Throughout history, man has worked to improve the quality of life. A brief history of the 20th century reveals countless inventions from automobiles to airplanes, vacuums to microwave ovens, and contact lenses to Viagra. Many things we use every day were once a dream in the inventor’s eye but the invention of the computer has taken us even further that any dream could ever hope.
Today, the computer is everywhere. Computers are the tools used in banks and businesses, by engineers, scientists, and educators as well as millions of people around the world. Computers can accomplish many tasks with extreme accuracy and speed. We can gain a lot of information using the computer and we can store a huge amount of data on it. We could not imagine a world without the computer but no great invention has ever come about with an element of risk.
The history of computer hacking dates back to the onset of computers. A computer hacker is one who develops, changes or attempts to circumvent computer security hardware and software. People hack computers for positive and negative (criminal) reasons. Criminal hackers develop computer malware or spyware to gain access to confidential information. This type of exploration may have started as a game but has rapidly, and dangerously progressed due to increasing reliance upon the computer.
As the business of hacking becomes more sophisticated, so has the art of defense techniques in detecting and destroying computer threats. A new class of threats called “Advanced Persistent Threat” (APT) targets highly sensitive economic, proprietary, and national security computer networks.
Lockheed Martin is a global security company specializing in the protection of some of the most sensitive information systems in the world. Lockheed Martin believes it is possible to understand, anticipate, and even lessen the damage based upon knowledge of that threat. The term “Cyber Kill Chain” is the process used to describe the different stages of cyber-attack.
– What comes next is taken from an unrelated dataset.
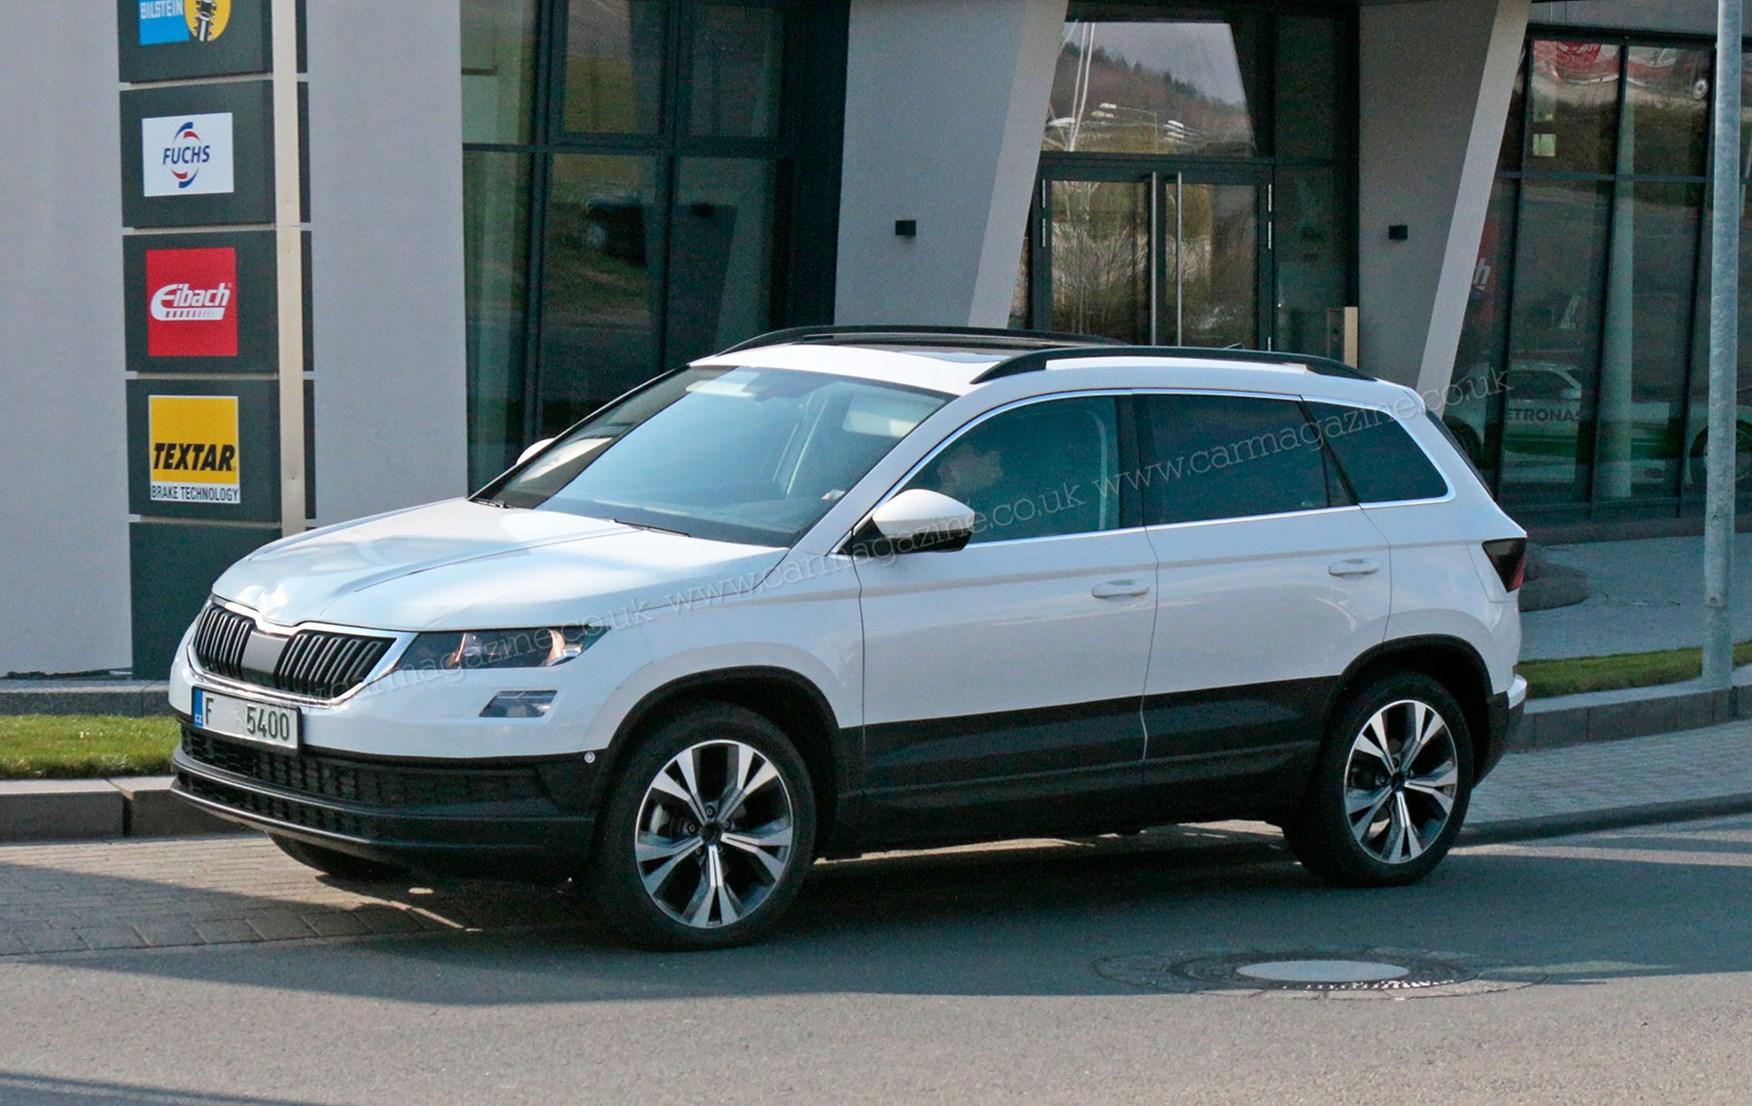 Skoda Karoq Price >> Skoda Karoq mini SUV revealed: spy photos by CAR Magazine
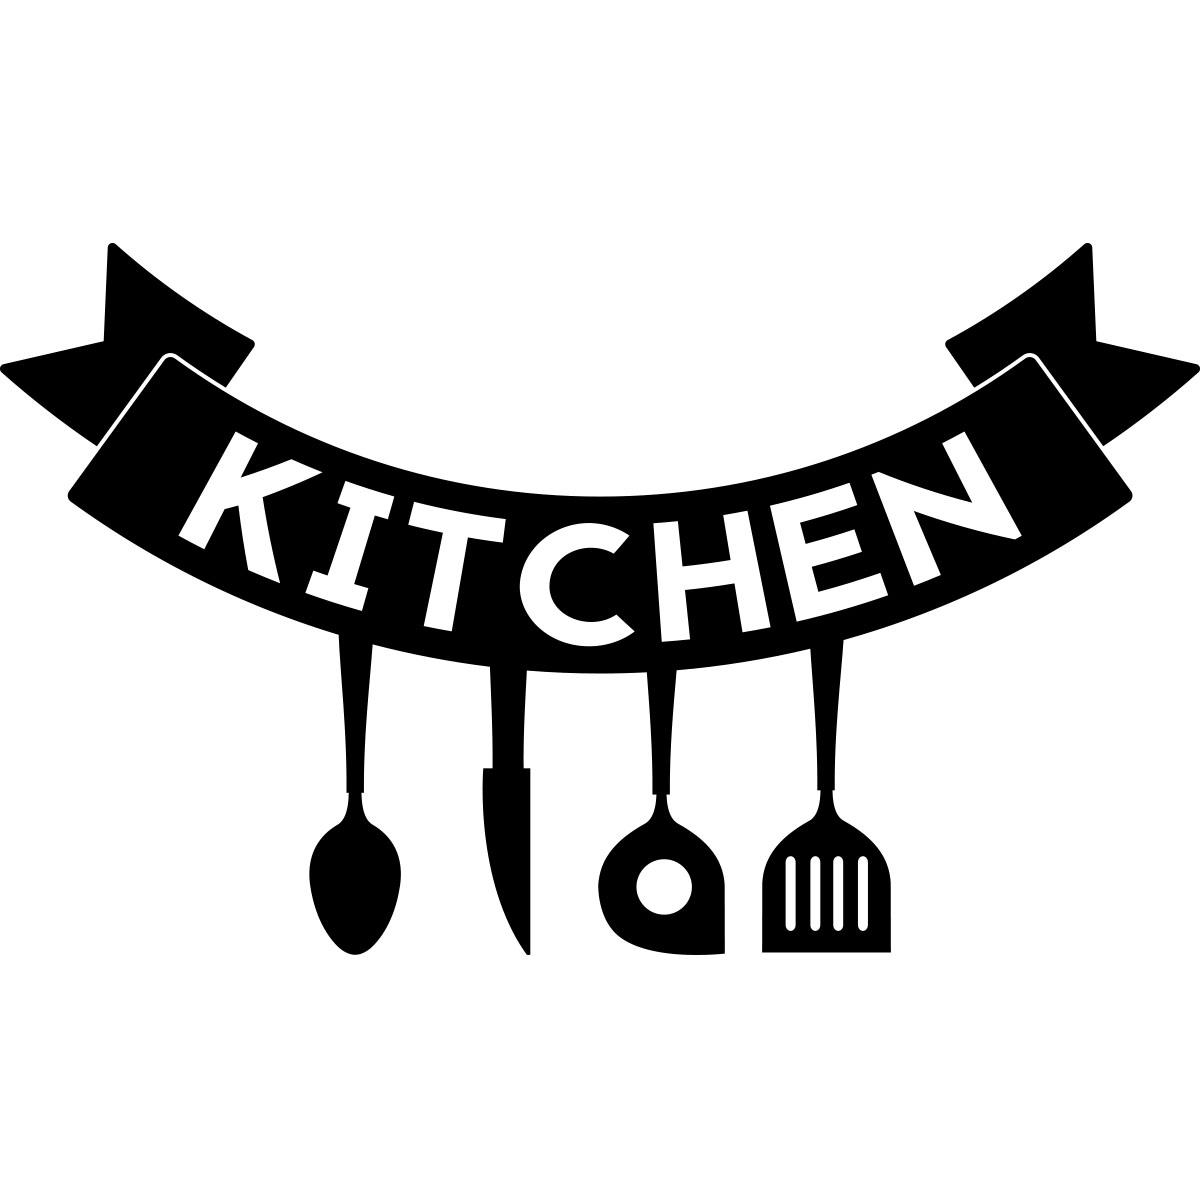 Sticker affiche kitchen stickers cuisine textes et for Affiche pour cuisine

Each stage of the chain completes a specific step along the path to attacking a given system, these may occur in parallel or sequence of previous stages can be switch. The main strength of using the kill chain model is showing how long an attacker can progress in their attack, amount of damage, and what kind of forensic investigation must be performed as a result. For each type of attack the system administrator can ask these question: “Was this a successful breach” and “Did the attackers get to their intended goal”. A typically attack is based on how much the attack knows of how the structure and process of the system was devolved, thus the response should be based on the same structure and process an attacker might use. This allows an IT department to develop a result oriented set of security procedures to prevent attacks against the system. Yet this model does have a weakness focusing only on the perceived weakness in the system without any proof that the target is of any value to the attacker. Using the cyber kill chain and understanding the signature of an APT can help defensive harden capabilities, this includes security controls and action that can be implemented or improved to detect, deny, and contain and attack scenario.